ST_Collect(geometry)
Similar to ST_Union(geometry), but the return value is a Multi-geometry or geometry collection, instead of dissolving the boundaries between geometries as ST_Union does. This makes it orders of magnitude faster. ST_Collect also has three forms, ST_Collect(geometry) which aggregates an arbitrary number of geometries, ST_Collect(geometryA, geometryB) that works on two geometries and ST_Collect(geometry[ ]) that collects an array of geometries.
SELECT ST_AsText(ST_Collect(the_geom))
  FROM (SELECT 'LINESTRING(0 0, 0 1)'::geometry the_geom
  UNION ALL
  SELECT 'LINESTRING(1 0, 1 1)'::geometry the_geom
  UNION ALL
  SELECT 'LINESTRING(0 0,1 0)'::geometry the_geom
  UNION ALL
  SELECT 'LINESTRING(1 1, 0 1)'::geometry the_geom) as a;
_images/collect.png
ST_Polygonize(geometry)
Generates a geometry collection containing all possible polygons from the input lines.
SELECT ST_AsText(ST_Polygonize(the_geom))
  FROM (SELECT 'LINESTRING(0 0, 0 1)'::geometry the_geom
  UNION ALL
  SELECT 'LINESTRING(1 0, 1 1)'::geometry the_geom
  UNION ALL
  SELECT 'LINESTRING(0 0,1 0)'::geometry the_geom
  UNION ALL
  SELECT 'LINESTRING(1 1, 0 1)'::geometry) as a;
_images/polygonize.png

De-aggregate Functions

PostGIS also supports the de-aggregation of data from one record into many.

ST_Dump(geometry)
Takes a multi-geometry or geometry collection and returns a set.

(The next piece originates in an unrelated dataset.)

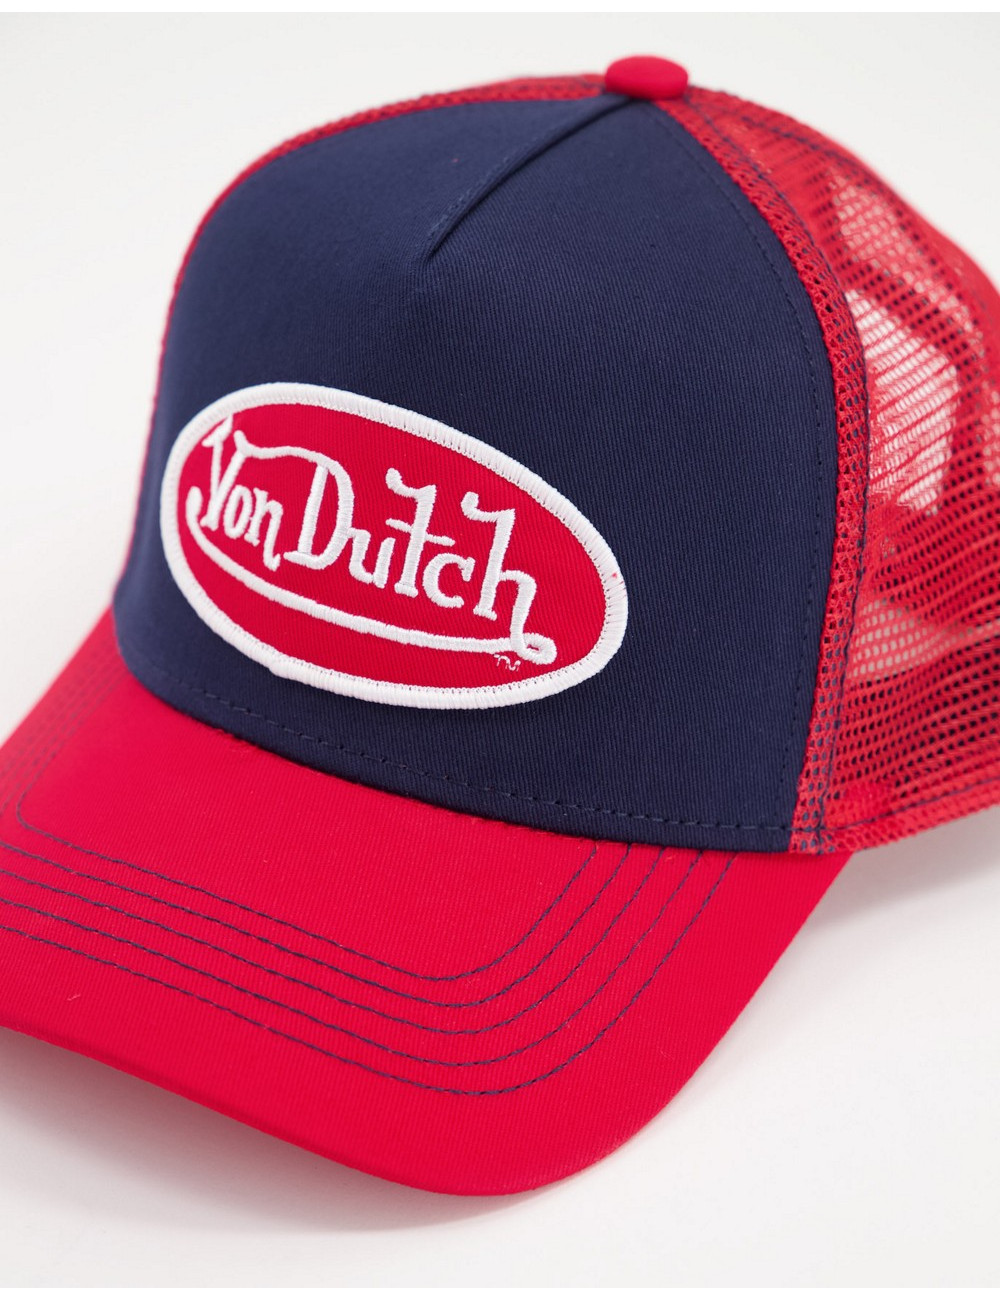 Von Dutch trucker cap in red
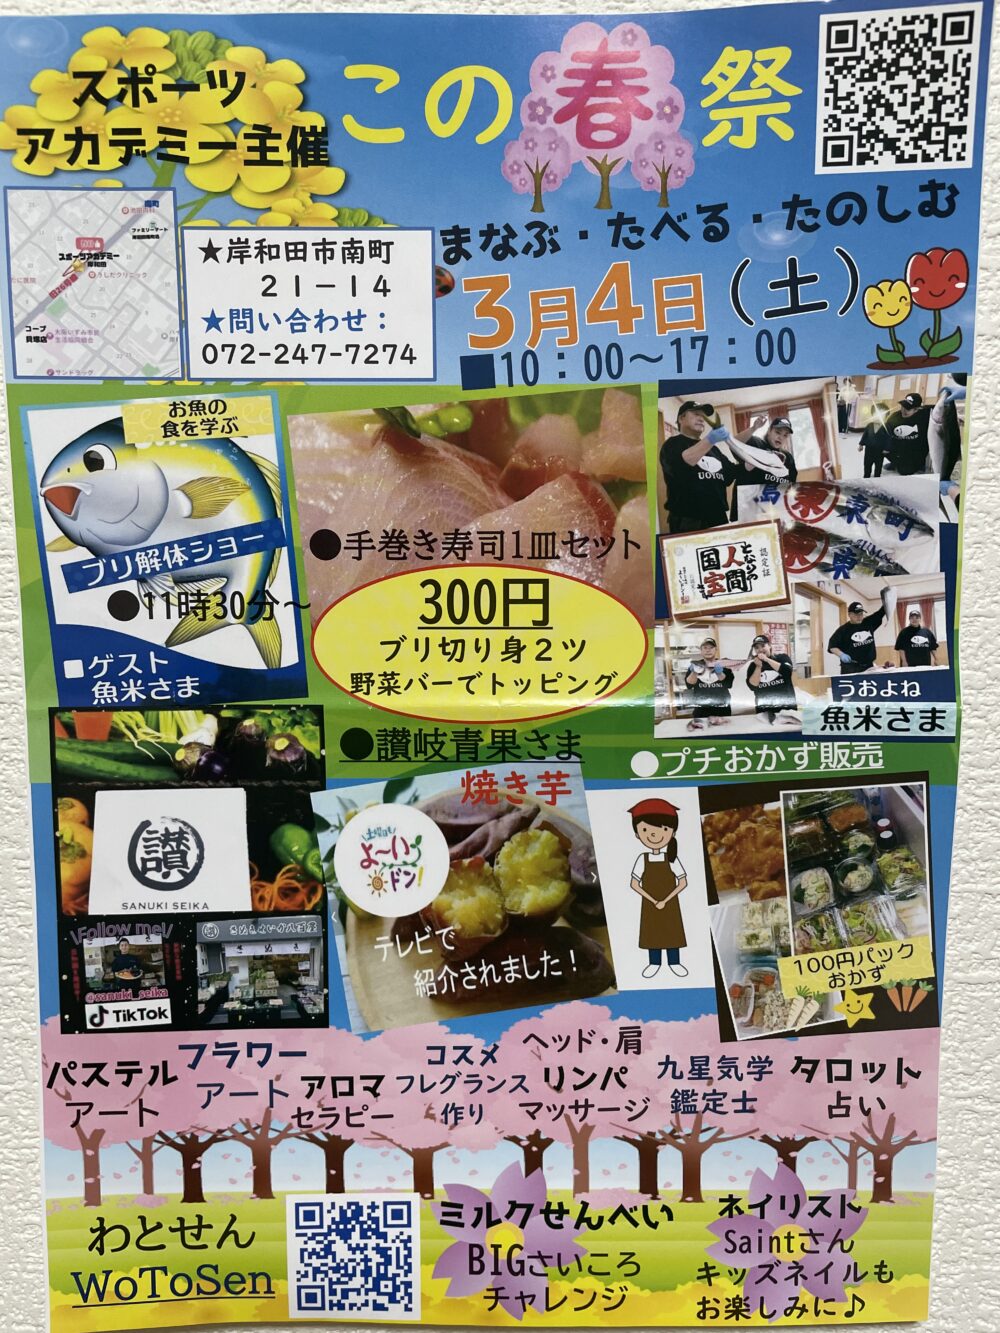 和食Cafe魚米のイベント情報

The return value is not just a geometry object, rather it is a set of geometry_dump objects which consist of a geometry and an array of integers representing order of the resulting geometry within the input geometry, starting at 1. For most purposes, it is sufficient to select out only the geometry, like this:
SELECT ST_AsText((ST_Dump(the_geom)).geom)
  FROM jacksonco_taxlots
  WHERE gid = 90917;
_images/dump.png
ST_DumpRings(geometry)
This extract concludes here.